En la novela de Verne, claro está, se recreaba su contemporaneidad, aquella en la que el correo era transportado a caballo a través de las estepas rusas, en medio de la nieve, y les costaba semanas, una barbaridad, en llegar; ¡Vamos! tal es así, que a punto estuvieron de no enterarse de lo que tramaba el vengativo Iván Ogareff, militar retirado y exiliado, que instigó una invasión de Siberia por los tártaros y que deseaba con todas sus fuerzas acabar personalmente con el Gran Duque, hermano del Zar de Rusia.

Dicho de este modo queda un poco lioso porque el panorama actual es bastante más simple que el de aquél momento, porque a la pregunta de ¿Quién manda en Rusia? solo hay una respuesta ….¡¡Putin!! y es que no solo manda en Rusia, también donde lo considera oportuno. Así que visto lo visto, pues le agradeceríamos que se contuviera y no se extendiera por el Mediterráneo, imagínense que le diera por invadir Benidorm, pues una auténtica puñetería porque encima de la que ha caído con la pandemia cortaría las ganas de vacaciones para este verano y nos  arma una ¡que ‘paqué’!.

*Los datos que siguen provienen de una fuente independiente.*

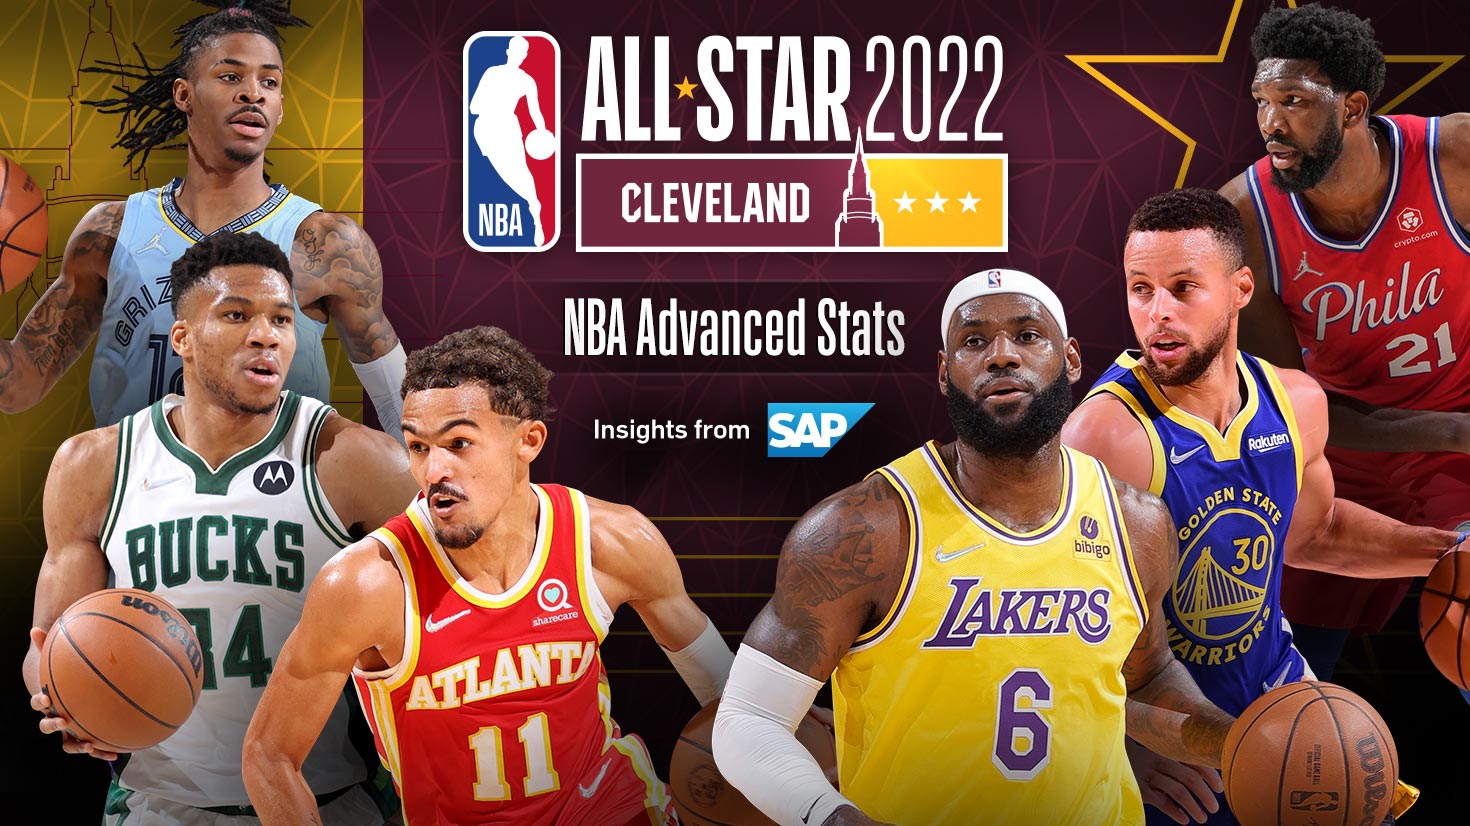 NBA All Star 2022 qua những con số thống kê thú vị - Ảnh 1.

Pero es que el libro de Verne tiene cosas tan bonitas como cuando le encomiendan al joven siberiano Miguel Strogoff que recorra a caballo las 5200 verstas (unos 5500 km) que separan Moscú de Irkutsk, que suponen un vasto territorio plagado totalmente de amenazas, con tal de avisar al Gran Duque de la insurrección que se estaba preparando. Para esta gran hazaña, el general Kissof no dudó en proponer a Miguel Strogoff, un valiente joven siberiano, oficial de correos del Zar.

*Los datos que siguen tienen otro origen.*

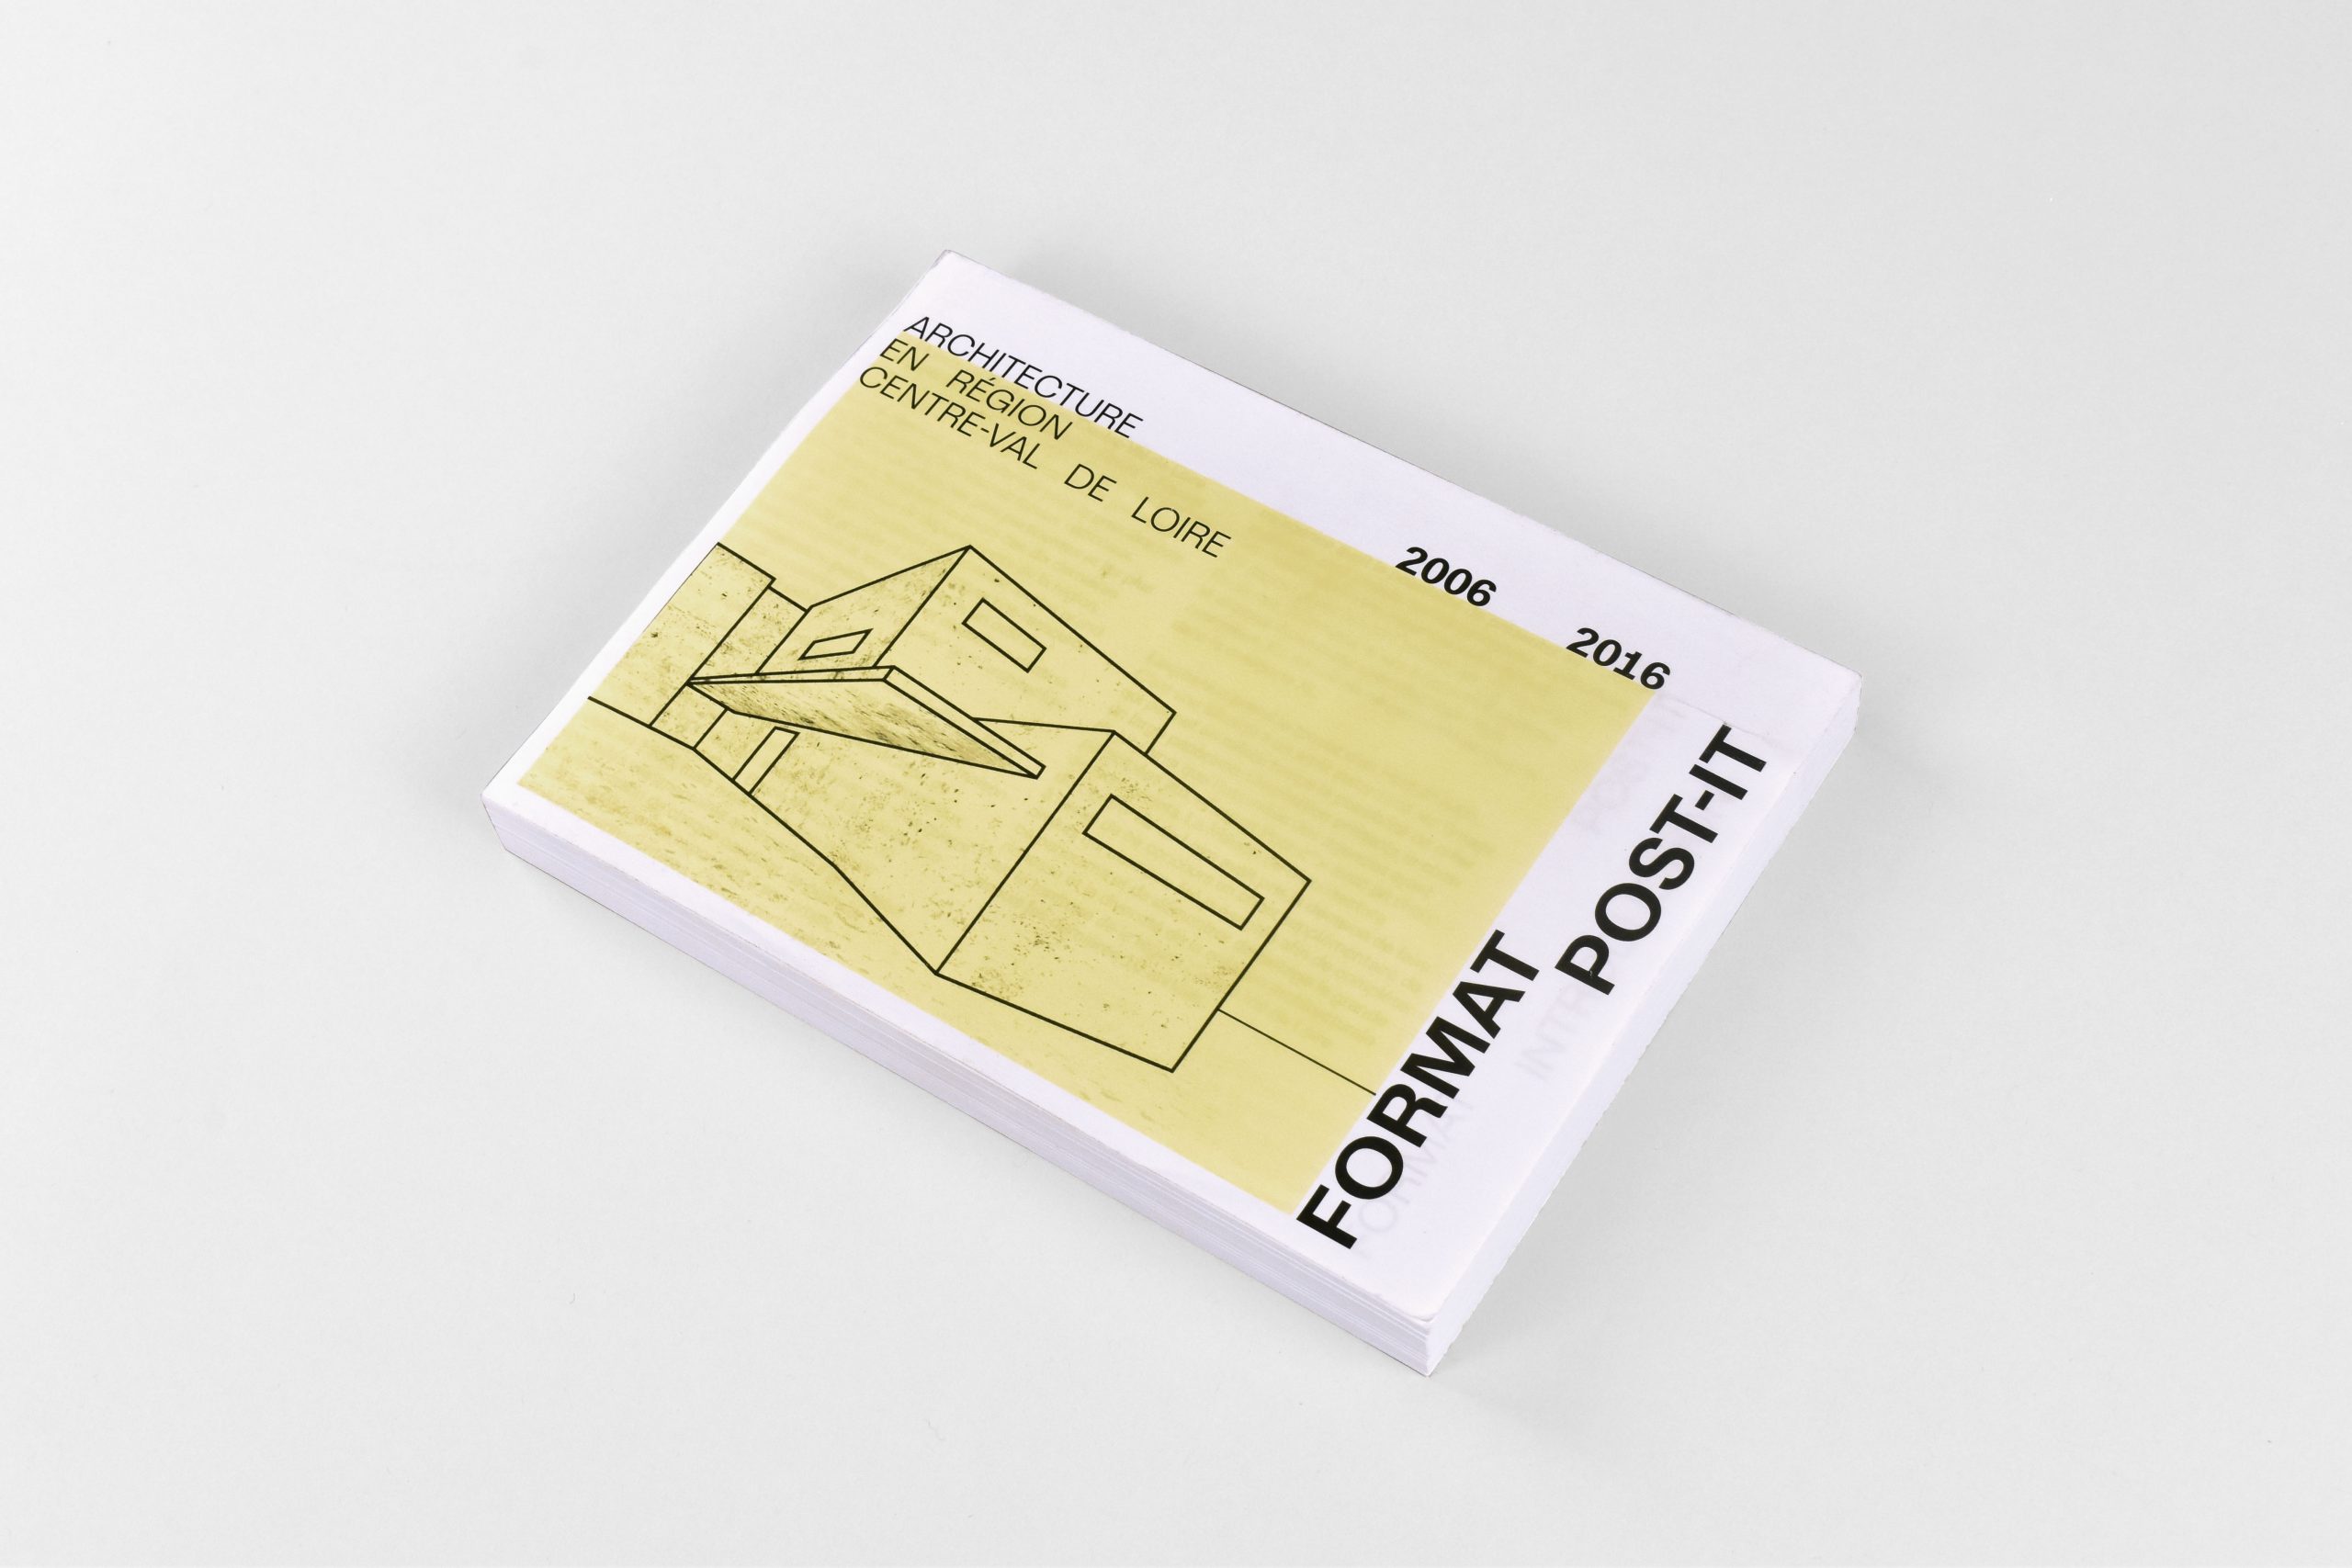 Format post-it by Maison de l'architecture Centre-Val de Loire designed by ©Adrien Jacquemet graphic designer

Y digo yo, qué lastima con tantos políticos jóvenes que tenemos. Por ejemplo, Casado que ha viajado por toda Europa, aunque con fines no demasiado nobles, digo que qué pena que se haya ido, un chico vehemente, con fuerte arraigo por la ruralidad, hubiera hecho un papel que ni te cuento montando a caballo y llevando los recados a Zelenski de lo que estaba tramando Putin. Lo cierto es a que Zelenski tampoco le habrá pillado mucho de sorpresa porque llevamos más de un año con lo de las movidas de Bielorrusia, y añadiría que  Trump tampoco se habrá hecho de nuevas porque los buenos amigos se lo cuentan todo.

Sin embargo, lo que no es cuestión de broma ni sarcasmo son las miles y miles de gentes que durante este crudo invierno se han quedado atrapadas en la frontera de Polonia, a las que se van añadir en estos momentos lo que se calcula sobre unos 5 millones de personas que van a huir del conflicto Rusia-Ucrania.

Europa no ha movido ni un dedo ni la mano entera en esto de las migraciones. Diversos son los motivos, entre ellos la economía o la política, que obligan a las personas a salir de su país pensando en encontrar un sitio mejor para vivir.

Decía que en Europa no hemos hecho mucho, y ahora mucho me temo que tampoco haremos más; eso sí, hemos repartido fondos europeos como pipas para multitud de proyectos, bastante cuestionables algunos de ellos.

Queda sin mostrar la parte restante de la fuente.